The structure that the author provides in this book is a bit helpful.  The author did a good job in providing a clear understanding of the book because of his breakdown of the angels, Satan, and the demons’ origins, activities, relationship to believers, and their future.  The downside to the structure is that at times it can be repetitive.  For example, with only a few verses in the Bible concerning angels, Satan, and demons, the author tends to be repetitive when dealing with the characters of these creatures.  There is a tendency to use the same verses, but with some modifications or refinements—of course.  Another strength that the author could of contributed to the structure is by substituting a full chapter each, worth of exegetical observations, concerning interpretive issues that relates to angels, Satan, and demons.  Besides the structure of the book, there is another area that must be covered: the content of the book.

For the most part, there are very few areas of contention when examining the contents of this book. The major area of contention is concerning demon possession of believers.  In pg. 206 of Dickason’s book, he says this regarding demon possession,

Some modify the argument to say that there is not room for both the Spirit and a demon, appealing to spatial limitation.  Spatial considerations do not affect the matter.  The omnipresent Spirit can in His total person indwell each believer despite our limited bodies.  Furthermore, a legion of demons may dwell in one person (Mark 5:9).  Space would not crowd out the possibility of the Holy Spirit and a demon residing in the same body.”

Dickason confirms his view of Christians being demon possessed in pg. 212,

Certain case studies seem to indicate that they can, under unusual circumstances, become or remain possessed after conversion.”
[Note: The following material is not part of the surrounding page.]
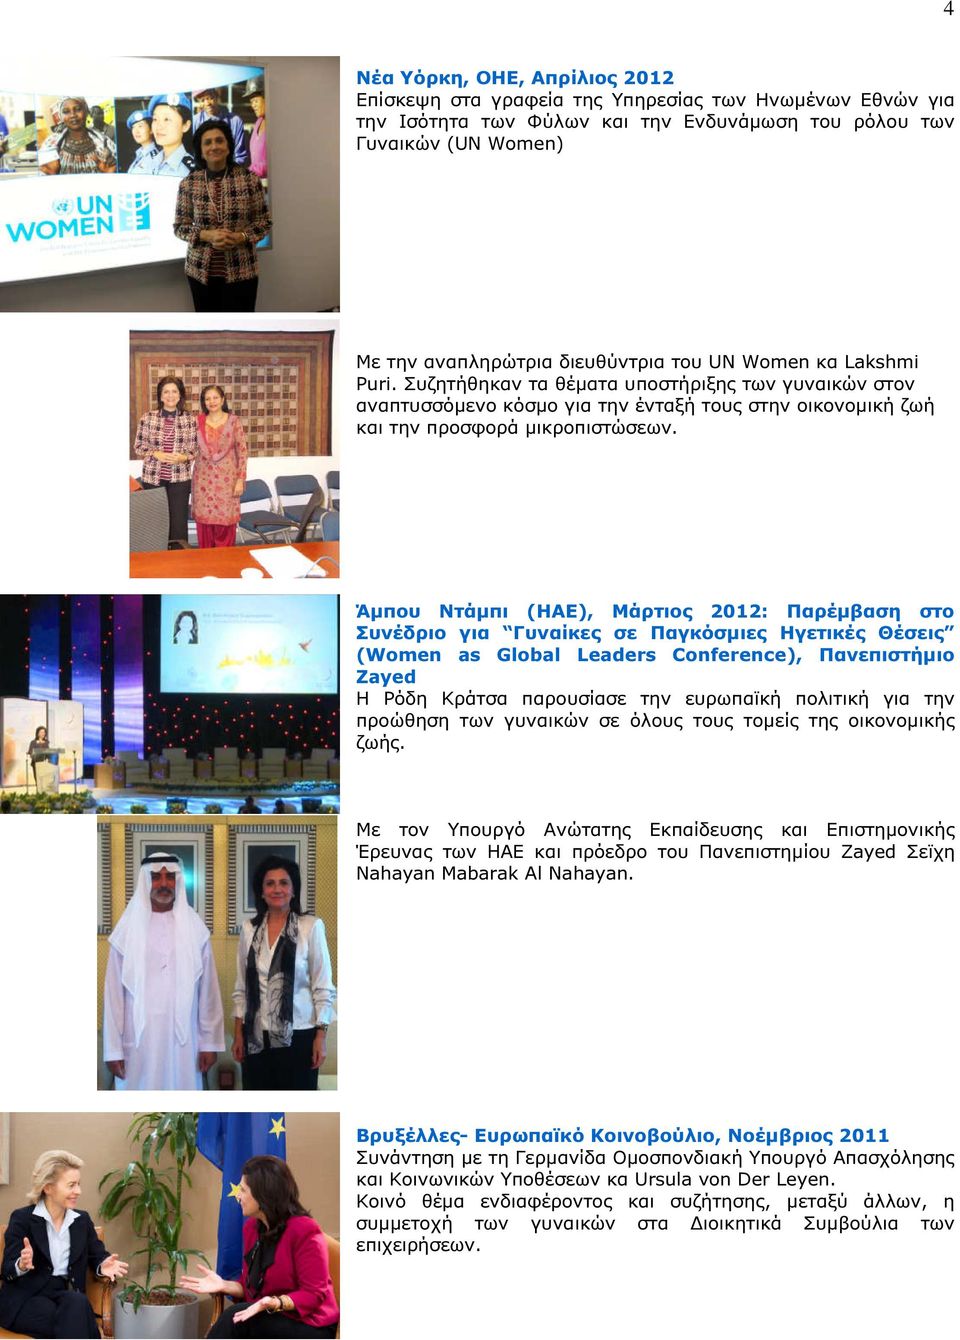 Άµπου Ντάµπι (ΗΑΕ), Μάρτιος 2012: Παρέµβαση στο Συνέδριο για Γυναίκες σε Παγκόσµιες Ηγετικές Θέσεις (Women as Global Leaders Conference), Πανεπιστήµιο Zayed Η Ρόδη Κράτσα παρουσίασε την ευρωπαϊκή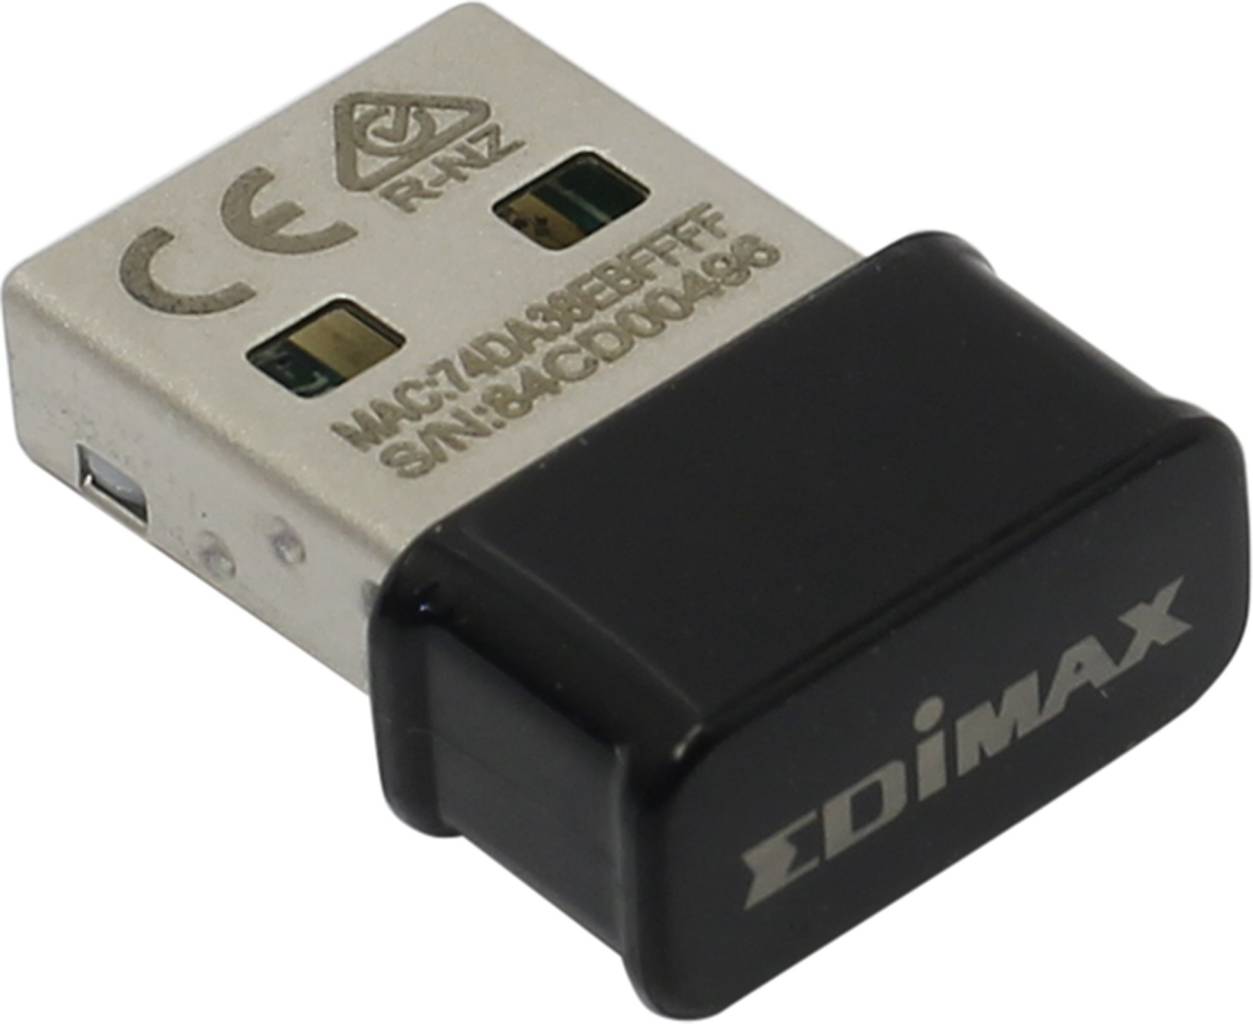    USB2.0 Edimax [EW-7822ULC] (802.11a/b/g/n/ac, 867Mbps)

This is a faulty view of demonization of a person or possession of a person.  Early in the book, the author is correct that demons can influence or harass a believer, but when it comes to possession of a believer or indwelling in a believer—this is where he goes off tangent.  A believer can not be possessed or indwelt by a demon (s) for a couple of reasons.  Reason one, a believer cannot be possessed because the Holy Spirit indwells a believer fully.  Since the believer’s body is the temple of the Holy Spirit (1 Cor. 6:19-20), a demon (s) cannot share in that space.  Another reason to not believe that a believer can be possessed by a demon is to examine these verses: Luke 4:33-35; 8:27-33; Matt 17:14-18.  Each episode in these verses indicates that the individuals possessed were unbelievers.  A third reason why a believer can’t be possessed is because a believer cannot be sober if he/she is control or possessed by a demon (s) of Satan (1 Peter 5:8-9; James 4:7). In addition, a believer cannot be demon possessed because there is nowhere in the Bible where Scripture points out that a believer is called to resist demon possession.  Rather he is to engage in spiritual warfare (Ephesians 6:10-18).  Moreover, a believer cannot be possessed because he is a new creature in Christ.  For example, 1 Peter 1:18-19 and 2 Cor. 5:17.  1 Peter 1:18-19 says, “…knowing that you were not redeemed with perishable things like silver or gold from your futile way of life inherited from your forefathers, but with precious blood, as of a lamb unblemished and spotless, the blood of Christ.”  And 2 Cor. 5:17 says, “Therefore if anyone is in Christ, he is a new creature; the old things passed away; behold, new things have come.”  A last reason why Satan cannot possess us is because 1 John 4:4 indicates that we have overcome Satan.  Since we have overcome Satan, it is impossible for him to indwell in a body of ours that belongs to the temple of the Holy Spirit.

This book is an important book for any student of the Bible, pastor, evangelist, minister, or anyone who wants to get clarity on this topic concerning angels, Satan, and demons, from God’s Word.


Dickason, Fred C. Angels: Elect. Chicago: Moody Press, 1995.